━━━━━ Data excerpt ━━━━━
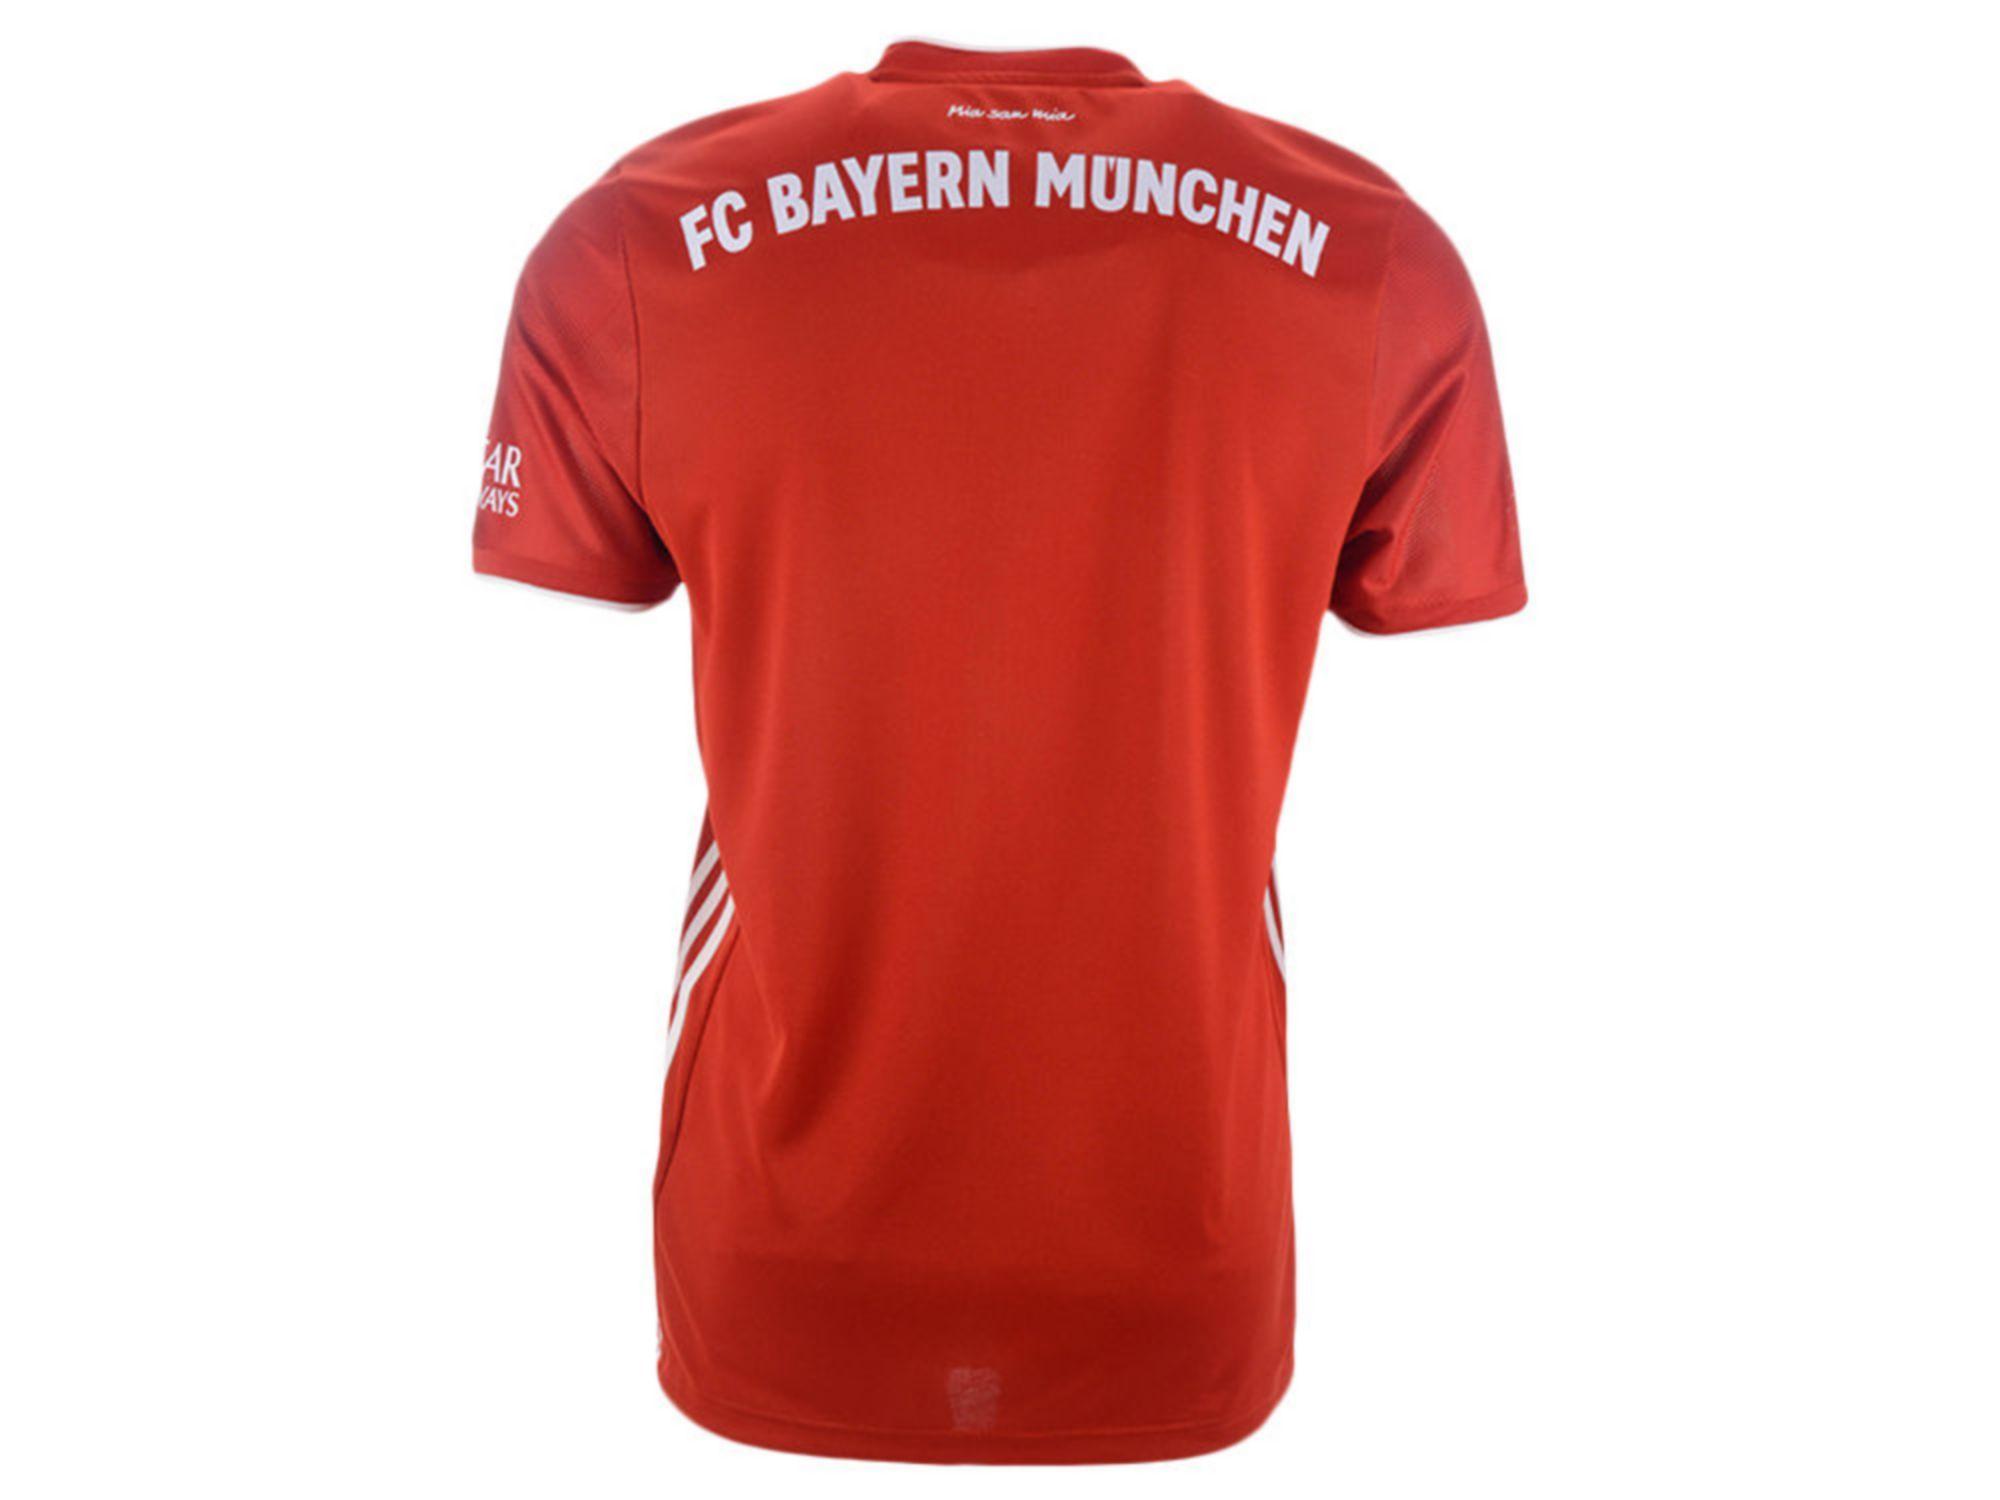 Adidas Bayern Munich Men's Home Stadium Jersey & Reviews - Sports Fan Shop By Lids - Men - Macy's
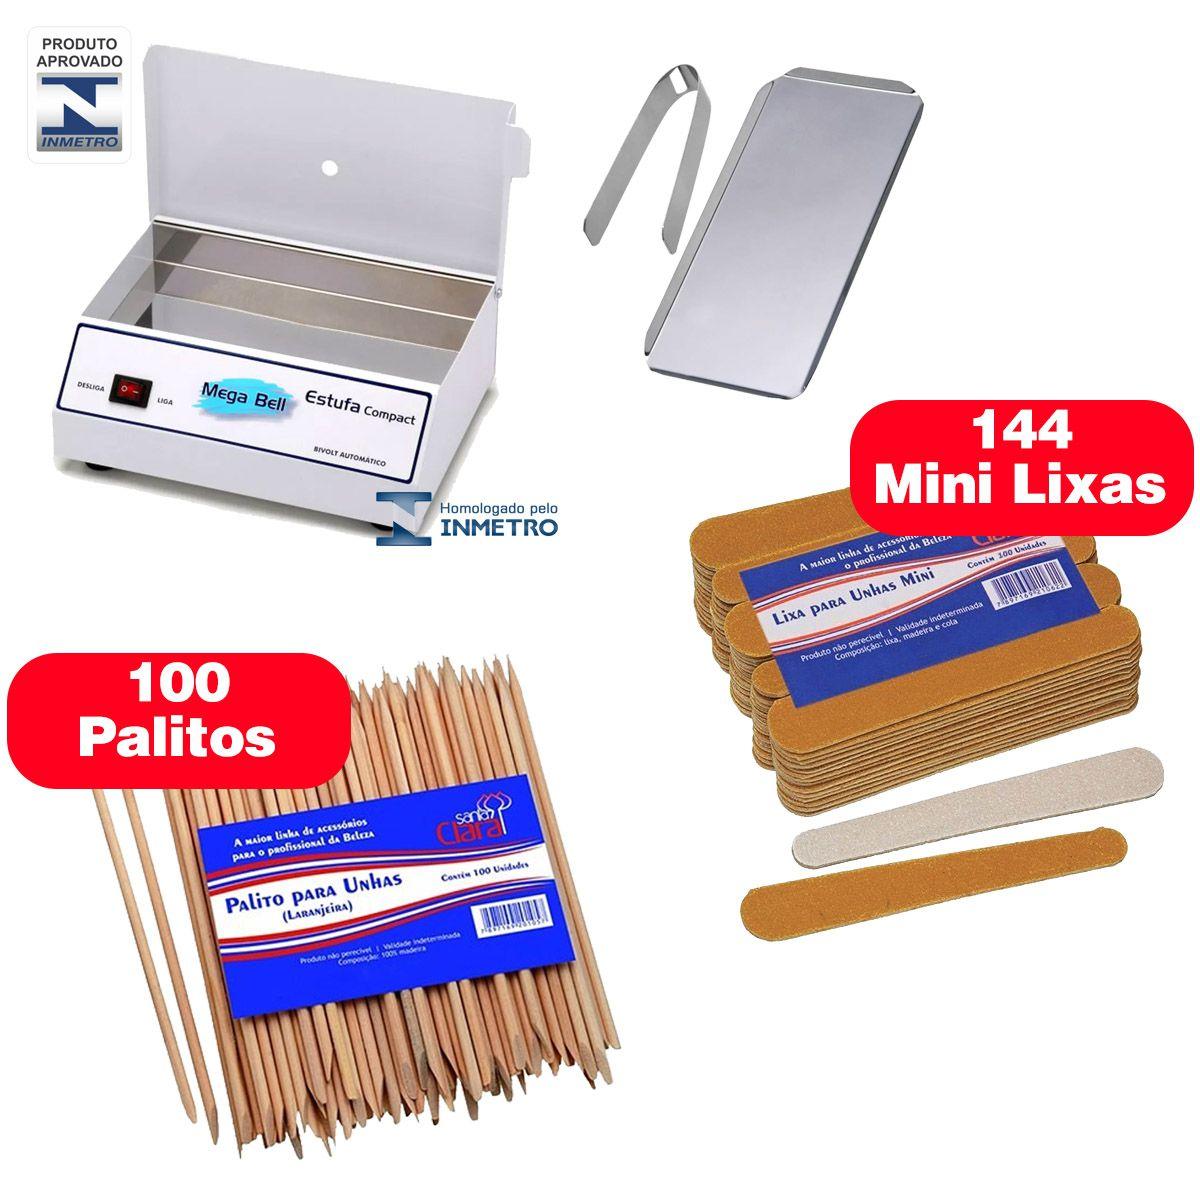 Estufa Manicure + acessorios + 144 mini Lixas + 100 palito
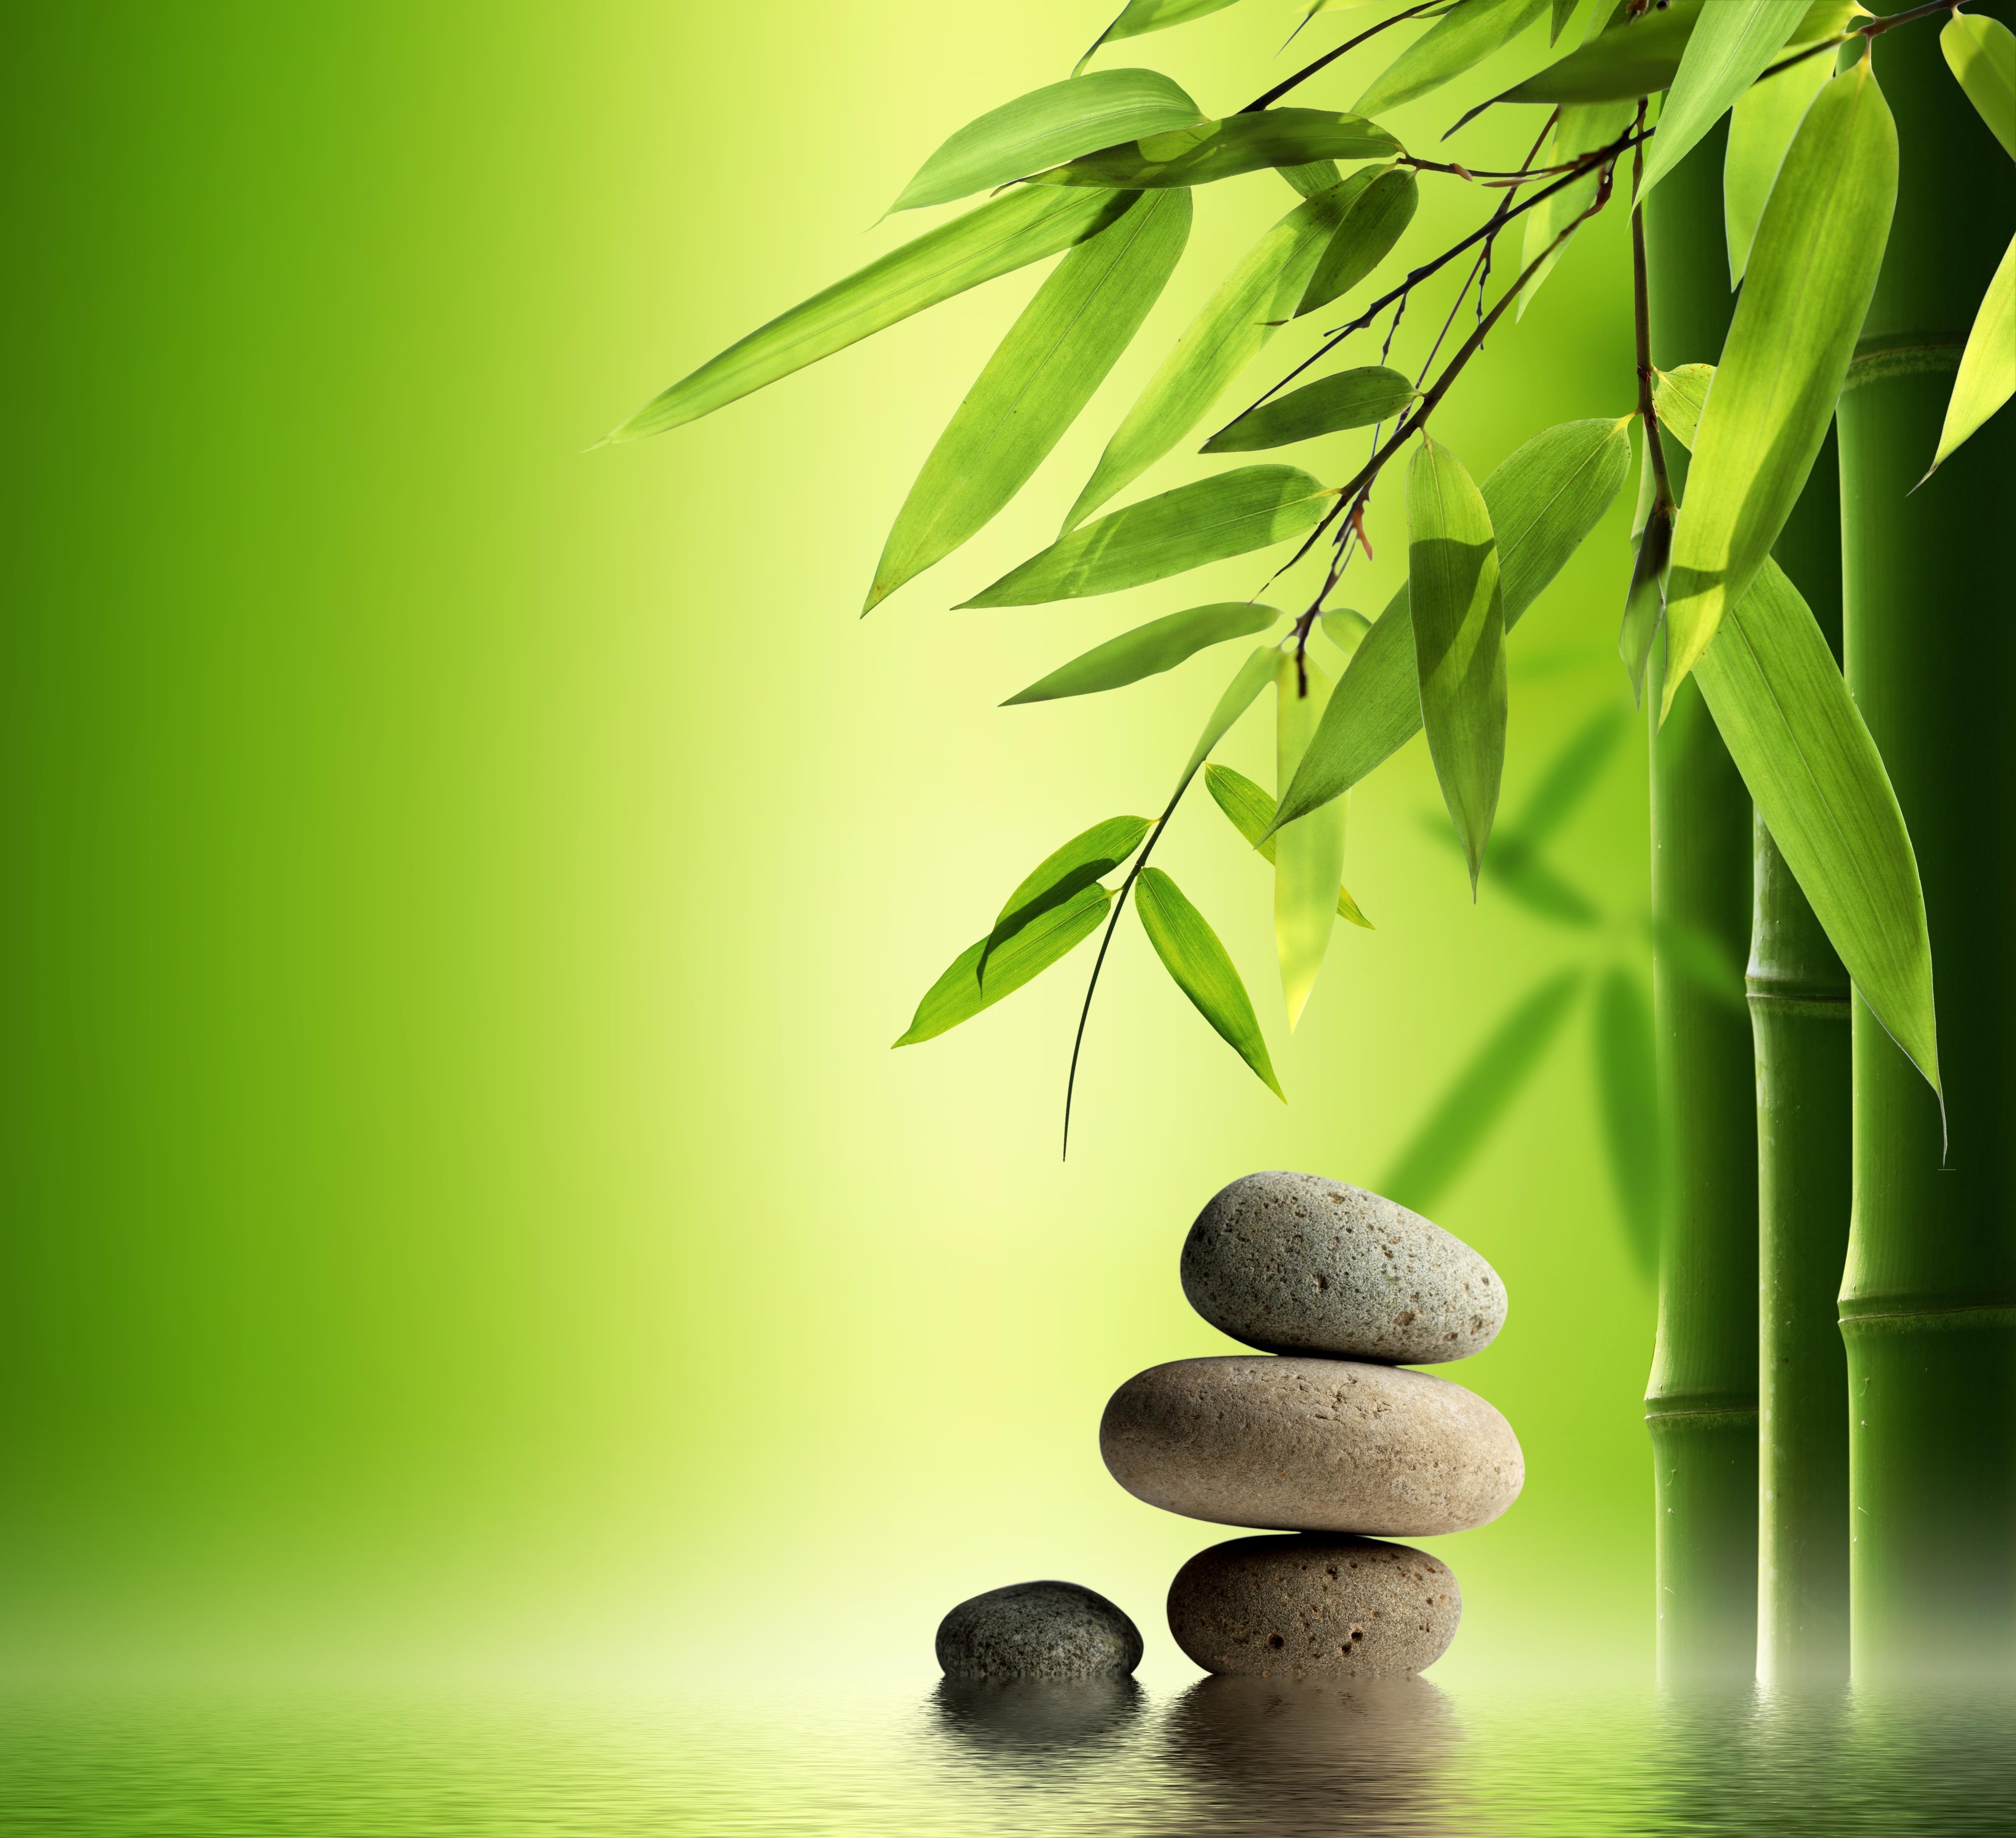 nature s gift of natural resource abundance
━━━━━
Required action →
A word-for-word repetition of the data above, without pictures, is the expected answer.

Exercise response →
 Adidas Bayern Munich Men's Home Stadium Jersey & Reviews - Sports Fan Shop By Lids - Men - Macy's
 Estufa Manicure + acessorios + 144 mini Lixas + 100 palito
 nature s gift of natural resource abundance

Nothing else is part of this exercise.